It is interesting that in La Paz, a former MAS-dominated department, now governs the Sovereignty and Liberty (Sol.bo) citizens group. This situation should be a warning to the MAS and they should be analyzing this situation very carefully. To lose a MAS-dominated department like La Paz should be really worrisome for the MAS and Morales. In addition, Santa Cruz is interesting because in spite of the many efforts (also significant governmental resources invested) from the part of the government to gain support in the department, the Democratas citizens group has been able to win in an overwhelming manner. Once again, Santa Cruz has shown it is the strong hold of the opposition and will remain that in the near future. In similar terms, Tarija has been able to show it is the other pole within the opposition giving its support to the Autonomist Departmental Unity (UD-A). These observations suggest a slight loss of influence by the MAS. For one, the inability to hold support where the support was overwhelming before as well as the inability of the MAS to gain influence in Santa Cruz, much the same way they did this in Pando and Beni.

Notwithstanding, the relative clarity with which the governor candidates have won their races, while important, it is not decisive. As we know, each one of the departments has a full government and to this government the assemblies have a very important role. In that manner, the distribution of seats within each assembly and the ensuing distribution of power is also important for the ability of the Governor to govern and for his party to pass laws.

In that respect, and at a firs look, the results for Governor elections also show a hint of weakness for the government party. It seems the MAS is losing ground and the opposition is finally arriving, albeit not in a coordinated manner. This statement is based on the fact that from the 8 MAS-dominated governorships, now 6 are left. In addition, if we look at the distribution of seats within each assembly, the situation of the MAS changes.

In Chuquisaca, for example, Urquizo (MAS) won the race with a small margin but if we consider that the MAS controls 15 of the 21 seats we can say that he will have a pretty easy time making policy. To that, if we add the two indigenous seats that are reserved for indigenous groups (which has been the norm in prior years), the MAS-faction will control 17 of the 21 seats. That is a comfortable position to be in.

In Cochabamba, Canelas (MAS) won the race with a comfortable margin. In addition to that, the MAS controls now 26 of the 34 seats in the assembly. Counting the 2 indegenous seats, the MAS-faction controls 28 of the 34 seats. This is another comfortable majority for the MAS. Now while it is difficult to imagine the Democratas faction supporting MAS, it is not so unimaginable to speculate that the member representing the citizen organization Unico in the assembly may decide to vote with MAS some times. It has happened often in prior situations, not only in Cochabamba but in other departments and even at the national level.

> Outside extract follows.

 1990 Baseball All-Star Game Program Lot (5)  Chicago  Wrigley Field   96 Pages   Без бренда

In Oruro, Vazquez (MAS) can look to a very favorable environment. The MAS has gained 22 of the 33 seats, and the MAS-faction, including the 1 indigenous seats, would then be 23 out of 33. The MAS has a good majority, which could be even more comfortable if the members of UCS and PP decide to go along with the MAS.

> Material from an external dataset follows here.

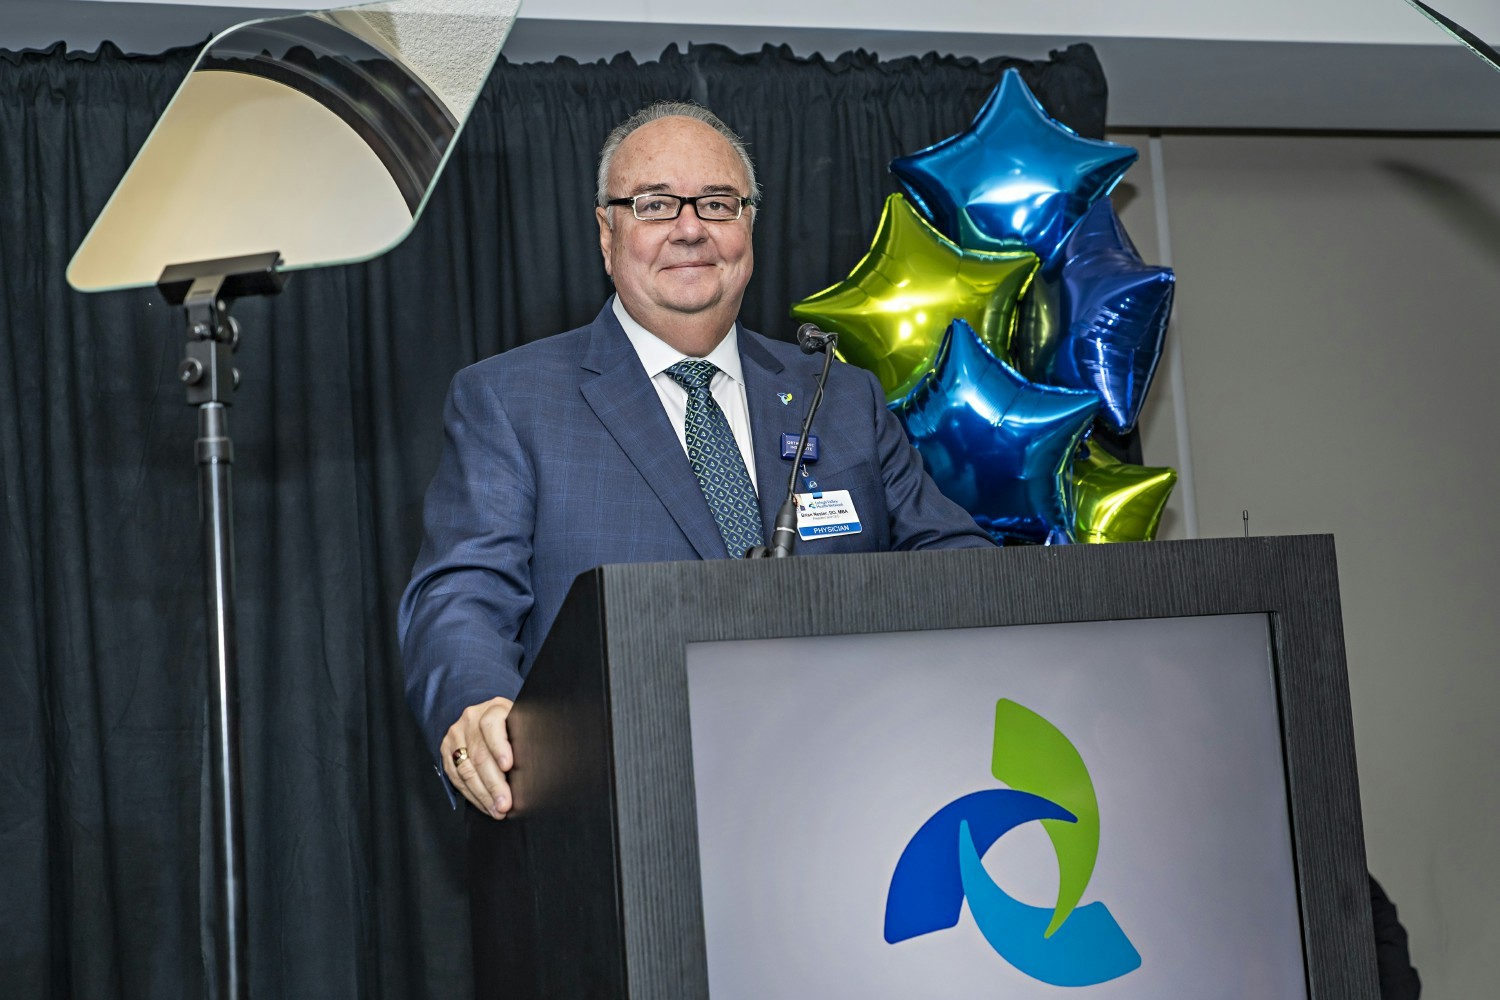 Brian A. Nester, DO, MBA, has served as President and Chief Executive Officer of LVHN since 2014.

In Potosi, Cejas (MAS) can also look forward to a comfortable period. The MAS controls 26 of the 32 seats in the assembly. This time there are not indigenous seats, but the MAS majority does not need any other organization. The opposition here will be difficult.

La Paz represents a special case, not only because it supports now an opposition citizen group Sol.bo but because the candidate elected (Patzi) is a critic of Morales. To that, when we look at the distribution of power within the assembly we realize that MAS has still 25 of the 45 seats. This represents a strong opposition and slight absolute majority. However, Patzi may expect support from his supporters (12), from UN (2) and ASP (1). While this might not be enough, it remains to see who will the indigenous seats support. If we assume the normal case, the MAS will have a comfortable control of the assembly. If we assume the indigenous supporting the sol.bo organization, which may happen due to a general dissatisfaction with the MAS within the indigenous organizations in La Paz, the situation can be somewhat difficult for the MAS. In such case, the party may even experience some defections (which have happened before). However, for the most part, the MAS can look to a favorable cooperation with Patzi and his organization. The signals have already been sent by Patzi.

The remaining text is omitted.